Genome Wide Association Studies (GWAS) can find subtle influences of genes on a health condition. They map out important gene variations to see if any of them are unusually common or uncommon among a particular health condition.
We already know that Long COVID is more common in people who are female.
Data compiled here: https://docs.google.com/spreadsheets/d/1bxzgvtOFBzvIQSnFiJqEQ7Lt7wzijpDwBcdnl87gw5I/edit#gid=2093830457
*The data above is from surveys which asked about gender rather than biological sex.
Unfortunately, a recent GWAS study by Lammi and colleagues (pooling data from multiple studies) found that only the FOXP4 gene has a strong connection Long COVID.
The study found that a particular genetic variation was associated with a 1.63X chance (odds ratio) of having Long COVID.
The C allele at rs9367106 was associated with an increased risk of Long COVID (OR = 1.63,
95% confidence interval (CI): 1.40-1.89, risk allele frequency = 4.2%).
That odds ratio of 1.63X was lower than the >3X odds ratio of being more likely to have Long COVID if you’re female. It’s not a very strong risk factor.
The researchers believe that “the connection between FOXP4 and Long COVID may be rooted in both lung function and immunology”. The gene is expressed in both alveolar cells and immune cells in the lung.
Unfortunately, the study doesn’t say a lot about what causes Long COVID. It does strongly suggest that your genes are fairly unimportant (other than male versus female).
This type of study would pick up on Ehlers Danlos Syndrome caused by genetics.
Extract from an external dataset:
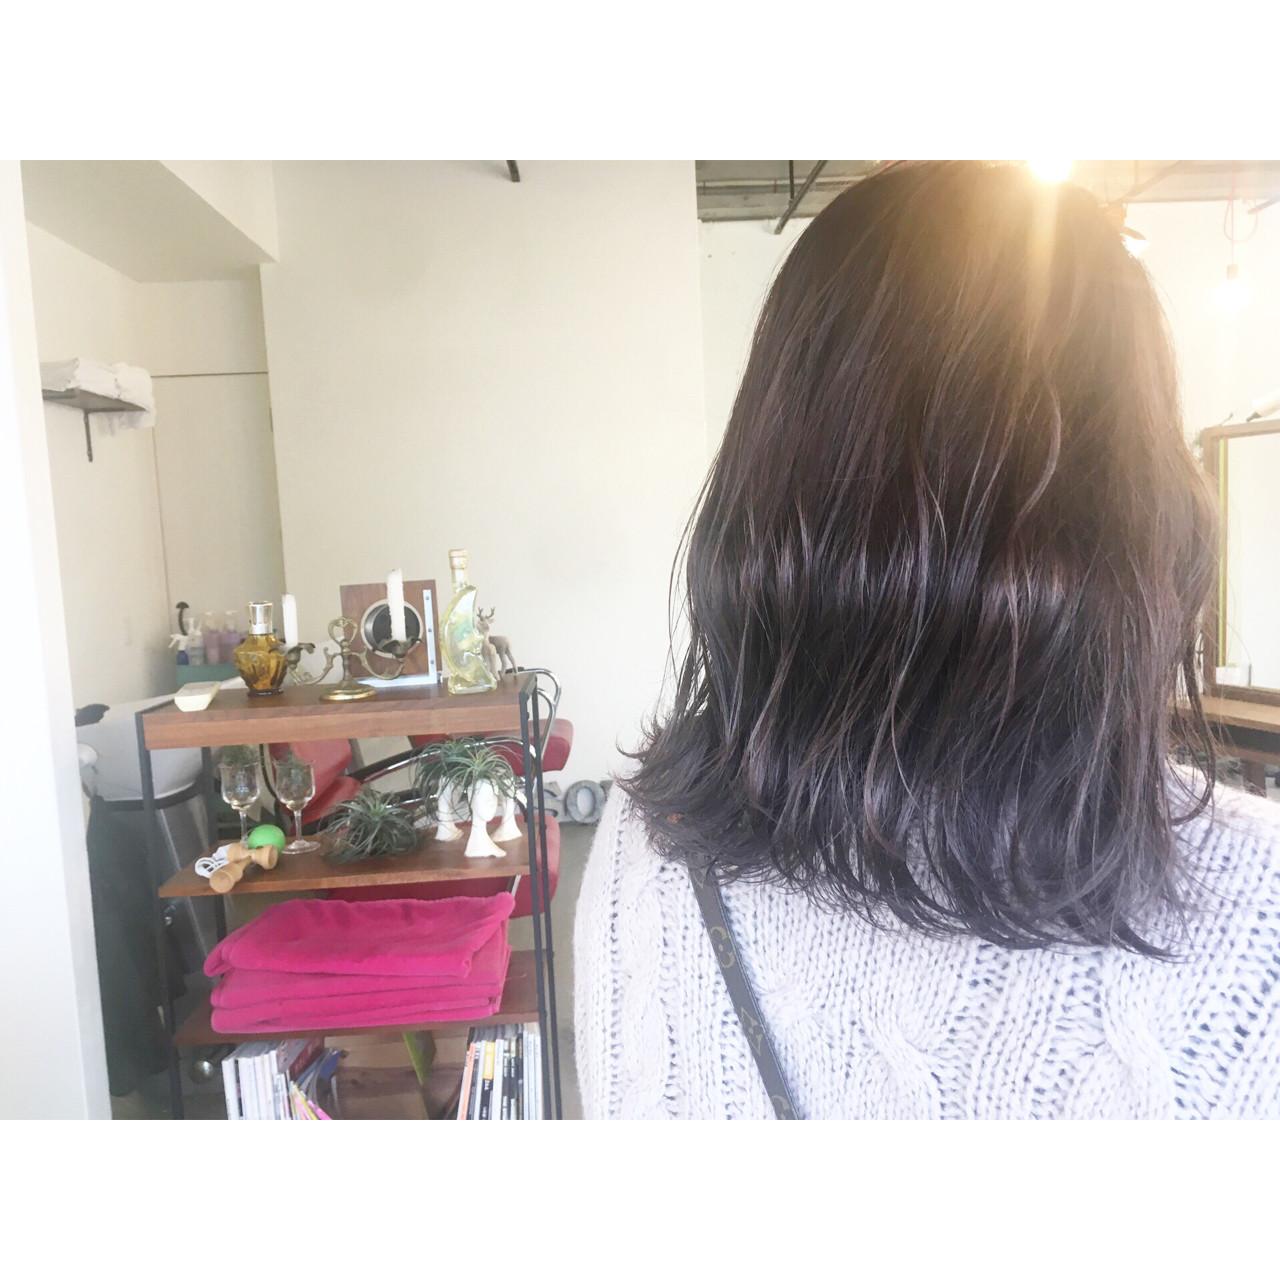 ハンサム ナチュラル ハロウィン ミディアム ヘアスタイルや髪型の写真・画像 | 森下佳哲 / lufun hair design

However, it doesn’t seem to have found a signal there. I suspect that Long COVID patents are more hypermobile (flexible) than the general population. I don’t know if anybody has surveyed Long COVID patients to determine their Beighton score yet.
The results are disappointing. Even in conditions that are acquired from the environment (e.g. EBV and Varicella Zoster Virus / shingles), GWAS studies will pick up some signals that can point to the underlying mechanism. That did not happen here.
There is evidence that Long COVID is connected to viral reactivations of EBV and VZV. However, this GWAS study didn’t find a signal for genes connected to those infections (for a list of those genes, see Table 1 in this review paper). Long COVID probably isn’t tied to a single underlying infection.